Extensible Stylesheet Language. XSL is used for the transformation of XML-based data into HTML or other presentation formats, for display in a web browser. This is a two-part process. First, the structure of the input XML tree must be transformed into a new tree (e.g., HTML), allowing reordering of the elements, addition of text, and calculations—all without modification to the source document. This process is described by XSLT. Second, XSL-FO (XSL Formatting Objects, an XML vocabulary for formatting) is used for formatting the output, defining areas of the display page and their properties. In this way, the source XML document can be maintained from the perspective of “pure content” and can be separated from the presentation.

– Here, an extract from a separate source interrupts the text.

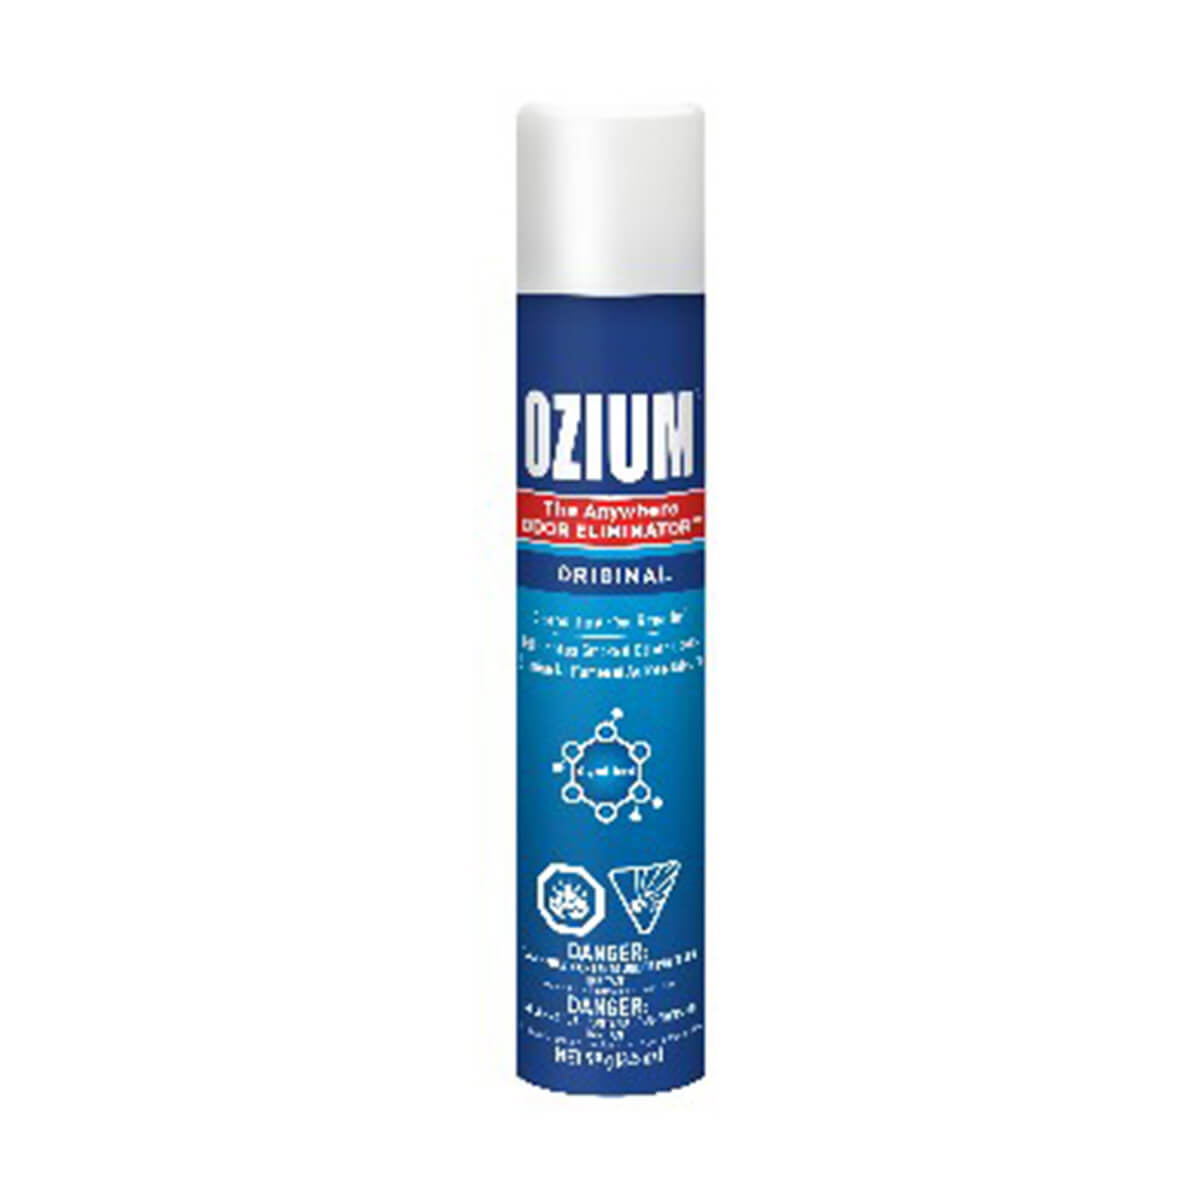 Ozium Original Scent Spray Air Freshener 3.5 oz

An XML document can be delivered in different formats to different target audiences by simply switching style sheets.

XSLT

Extensible Stylesheet Language: Transformations. XSLT is a language for transforming the structure of an XML document. XSLT is designed for use as part of XSL, the stylesheet language for XML. A transformation expressed in XSLT describes a sequence of template rules for transforming a source tree into a result tree; elements from the source tree can be filtered and reordered, and a different structure can be added. A template rule has two parts: a pattern that is matched against nodes in the source tree; and a template that can be instantiated to form part of the result tree. This makes XSLT a declarative language because it is possible to specify what output should be produced when specific patterns occur in the input, which distinguishes it from procedural programming languages, where it is necessary to specify what tasks have to be performed in what order. XSLT makes use of the expression language defined by XPath (a language for addressing the parts of an XML document) for selecting elements for processing, for conditional processing, and for generating text.

YAC

Yeast Artificial Chromosome. Extremely large segments of DNA from another species spliced into the DNA of yeast. YACs are used to clone up to one million bases of foreign DNA into a host cell, where the DNA is propagated along with the other chromosomes of the yeast cell.

ZFIN

Zebrafish Information Network. ZFIN is a database for the zebrafish model organism that holds information on wild-type stocks, mutants, genes, gene expression data, and map markers.